懷柔皺眉,好話壞話都讓他一人說了去,她還說什麼?她能說她從來就沒真心怪過他麼?
“蠢女人,快點清醒過來,別又被他的花言巧語給弄迷糊了,他要受罰是他的事兒,你可千萬別攔着!”陰夜似乎聽到了動靜,醒轉突然插了進來。
“陰公子似乎沒那麼困?”君屏幽繞過懷柔對陰夜挑眉道。
陰夜頓時撇過頭去,顯然不屑與他搭話,轉而對懷柔道:“我困着呢,你們要吵外面吵去,別來打攪我!”
懷柔險些失笑,陰夜大約一直都沒真的睡着,也對,君屏幽還在宮裡,他如何能安心睡去?想罷,並不看身後,徑直出了雅間,再留在那兒估計小閻王就該將她踹出去了。

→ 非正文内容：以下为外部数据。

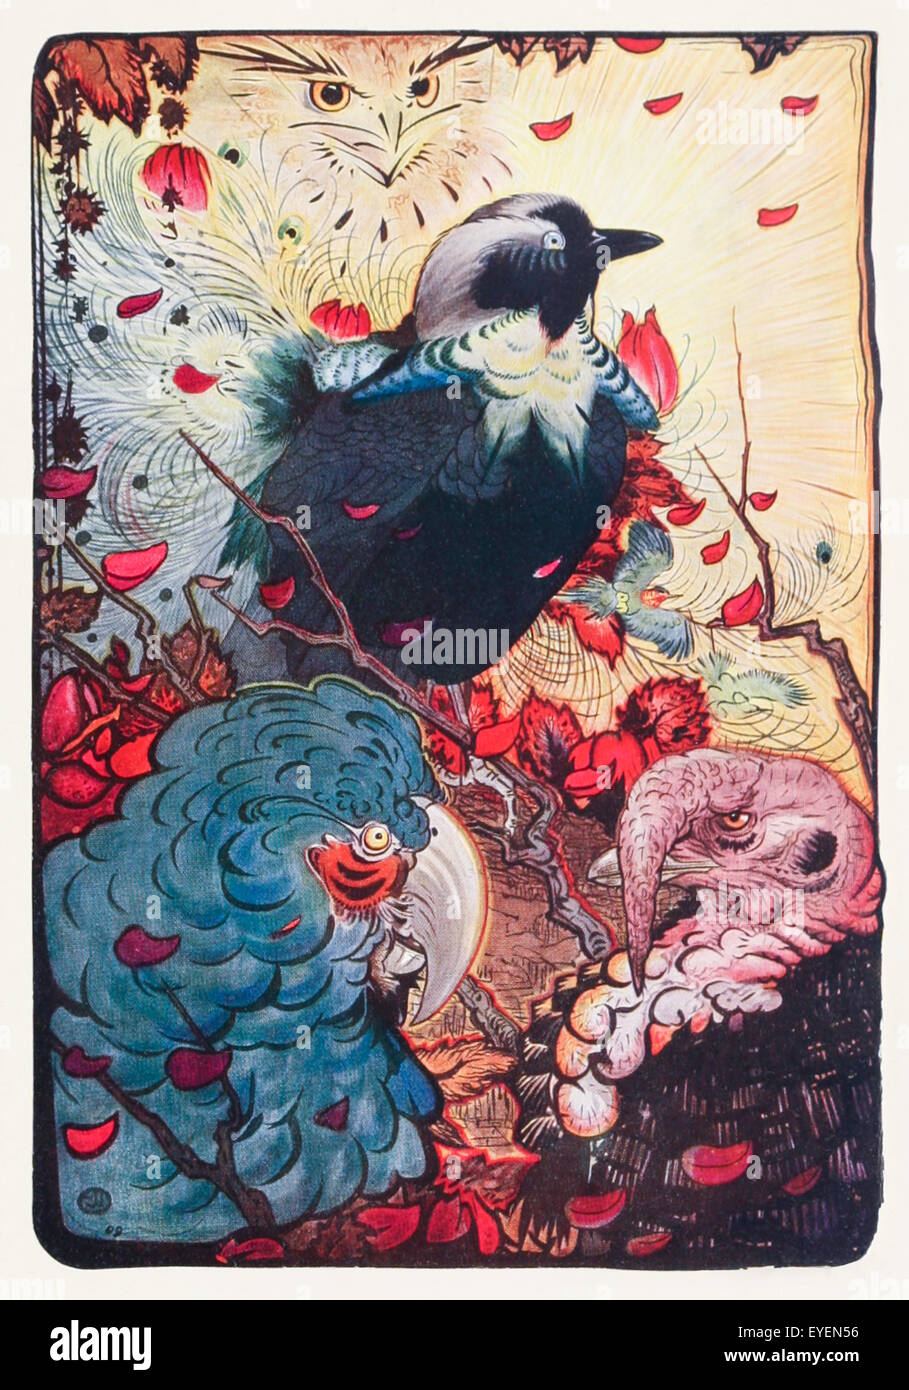 'The Vain Jackdaw' fable by Aesop (circa 600BC). A Jackdaw tried to make itself look pretty using the feathers of other birds who plucked them back. Borrowed feathers do not make fine birds. Illustration by Edward J. Detmold (1883-1957). See description for more information. Stock Photo

她走了幾步,發現房間氣息有些不對,回頭,就見君屏幽目光幽幽的看着她,像是被拋棄了的孩子,她深吸一口氣,語氣還是有些硬梆梆,“還不快出來!難道還等着被趕出來麼?”
“你原諒我了對不對?”君屏幽輕聲的試探道。
廢話!不原諒你能跟你說話?懷柔白了他一眼,“我不原諒你就在那裡站着不出來了是麼?!”
“嗯!”君屏幽應聲。
“那你就站着吧!”懷柔轉身就走,明明做錯了事情的人是他,明明這麼大個人了,還跟小孩子似得耍小性子,長不大!
“我跟陰夜打起來你也不管是不是?”君屏幽喑啞的聲音從身後傳來。
“不管!”懷柔頭也不回的道。
“我被打死了你也不管麼?”君屏幽語氣有些幽怨。
“那就去死吧。”懷柔又好氣又好笑,即便真打起來,他也未必真能吃虧,閻王雖可怕,小鬼更難纏。
“蠢女人,你儘管去,我會幫你好好收拾他的!”陰夜邪魅的聲音忽然從身後傳來,難得她狠下心不管君屏幽,他自然不會放過這個機會。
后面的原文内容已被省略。